After sitting in silence for some time Blaine shakes his head softly and then says:

"I assume that you now want to know why I tried to kill myself?"

"Yeah I would appreciate that as a matter of fact" Though I say it in a joking matter I feel my pulse speed up at the prospect of getting to know what has caused my son to try and take his life.

"Well it's kind of a long story so get comfortable" Blaine says and I shift in my seat. When I look up I see Blaine staring at me expectantly so I nod for him to go a head. As I lean back and get ready to hear what is probably going to be one of the worst stories of my life I can't help but thinking that my suit has never felt as much of a burden as now. Knowing that I was of doing my duties as iron man while failing my duties as a father hits me hard.

It shines like silver, is my first thought when I exits the so called Allikar*. I find it strange that it hasn't changed since last I was here, that even though so much has changed it still remained the same. Remembering all those times I ran around here as a child with Odin looking on from a distance as Thor continue to try and catch me to no avail.

The sheer beauty of Asgard during midnight helps soothe my breaking heart, but only for a moment. Because as soon as I close my eyes I can only see Blaine's hazel once filled with tears. I can only hear his desperate cries as I lean on the wall of the Allikar trying to keep my breathing steady.

"Please don't go Bas."

"I l-love you!"

"Why are you doing this, to me? To us?"

"I know you love me too."

"Sebastian? Is that you?"

I'm brought from my thoughts by a very familiar voice. The voice is loud in the otherwise quiet landscape. Turning my head I'm met with the concerned eyes of Thor. His stature changes drastically when he sees my face. Figures, I must look like shit.

"Hey there dude. What's up?" As I look up I can see Thor's look of confusion and bewilderment, Thor's reaction to my languages amuses me some, but any amusement switches to somberness as I recall why I am here.

"Brother Sebastian, what is the causing of your mournings" Thor says, quieter and softer than I have ever heard him speak in my life, but his gentle voice only makes me feel worse. Because I can only recall Blaine's soft sleepy voice so gentle it felt like it would break if anything moved or caused a change. My wandering thoughts stop abruptly as I remember that Blaine isn't mine anymore, that his sleepy morning voice isn't for me to hear, but some mortal Blaine would deem worthy. It's with that thought that I finally break and I start crying hysterically, not even caring anymore.

Thor rushes towards me and holds me steady as I almost tumble over. He doesn't let go though but keeps a hold of me and shakes my shoulder gently. I look up at the god and am met with the most concerned eyes I have ever seen.
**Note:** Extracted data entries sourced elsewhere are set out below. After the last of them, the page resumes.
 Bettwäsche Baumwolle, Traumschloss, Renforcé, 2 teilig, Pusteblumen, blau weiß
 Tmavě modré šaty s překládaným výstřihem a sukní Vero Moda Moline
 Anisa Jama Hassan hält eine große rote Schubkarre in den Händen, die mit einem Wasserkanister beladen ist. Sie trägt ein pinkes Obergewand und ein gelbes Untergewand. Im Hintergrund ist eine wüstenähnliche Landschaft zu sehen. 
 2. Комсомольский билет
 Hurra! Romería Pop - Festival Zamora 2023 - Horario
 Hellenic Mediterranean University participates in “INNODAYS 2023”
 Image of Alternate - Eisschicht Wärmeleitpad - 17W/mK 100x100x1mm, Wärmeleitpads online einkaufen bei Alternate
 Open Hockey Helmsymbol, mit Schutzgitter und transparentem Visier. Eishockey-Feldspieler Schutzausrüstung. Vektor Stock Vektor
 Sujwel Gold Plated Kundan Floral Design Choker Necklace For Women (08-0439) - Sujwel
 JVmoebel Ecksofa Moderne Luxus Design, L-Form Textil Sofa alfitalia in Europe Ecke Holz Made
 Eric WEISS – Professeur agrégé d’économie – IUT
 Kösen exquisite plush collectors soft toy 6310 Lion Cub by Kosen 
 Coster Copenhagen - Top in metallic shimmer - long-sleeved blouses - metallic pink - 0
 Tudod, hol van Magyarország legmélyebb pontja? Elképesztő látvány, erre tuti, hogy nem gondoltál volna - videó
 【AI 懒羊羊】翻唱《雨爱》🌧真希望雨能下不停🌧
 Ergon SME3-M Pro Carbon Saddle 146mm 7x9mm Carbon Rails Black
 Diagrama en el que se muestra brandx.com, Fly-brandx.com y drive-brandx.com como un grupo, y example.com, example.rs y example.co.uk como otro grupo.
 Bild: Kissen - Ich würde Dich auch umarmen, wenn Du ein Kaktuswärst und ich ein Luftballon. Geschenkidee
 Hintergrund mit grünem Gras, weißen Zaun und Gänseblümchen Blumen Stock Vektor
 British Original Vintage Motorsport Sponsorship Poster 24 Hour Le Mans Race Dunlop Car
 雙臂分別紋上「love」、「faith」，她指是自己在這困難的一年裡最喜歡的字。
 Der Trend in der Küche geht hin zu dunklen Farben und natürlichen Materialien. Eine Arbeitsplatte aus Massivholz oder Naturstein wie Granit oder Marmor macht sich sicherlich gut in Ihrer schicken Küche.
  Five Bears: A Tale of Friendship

"You called me here" I finally rasp out between sobs. At this Thor pulls me into his chest and here is the Thor I know the one hugging me way to hard to be healthy if I was a mortal.

"Brother what has happened to you? You coming home should be joyous news, not news to cause you tears. Will you come inside so we can talk more of this matter? I am sure seeing Mother again will make your aching souls calm some, even if it is not by much." Thor says with his as usually booming voice, although it is a lot more quiet then in normal cases.

"Yeah, let's go"

As we walk towards asgard together I think that nothing will make the pain go away completely, but the feeling of being back to the place that was my home for so long helps soothe it a little. Asgard isn't my home anymore though, my home is a petite boy with black unruly hair, the most beautiful smile and a voice of an angel. Nothing will make what I did undone so there is no need to dwell on it anymore Blaine is the past and Asgard the future.

"So tell me Thor what have you been up to? Has there been any big changes around here?" I ask after some time my voice still wavering a bit from the tears, but Thor decides to answer my question instead of trying to lurk out the truth of why I am so upset. My mind drifts as Thor gives a wide description of what has changed in Asgard since my departure, but he doesn't seem to notice.

*Allikar is the replacement of the bifrost in my story, Because I think that they would rebuild the bifrost in some form after it was destroyed and the got the teseract (don't know how it's spelled, sorry).

In the next chapter you will get to know more about what happened with Blaine and Sebastian.

Right now I am planing to write their story in flashbacks but if anyone would like a chapter with their past or at least a bit of it I would be happy to do it so tell me if you would like that :)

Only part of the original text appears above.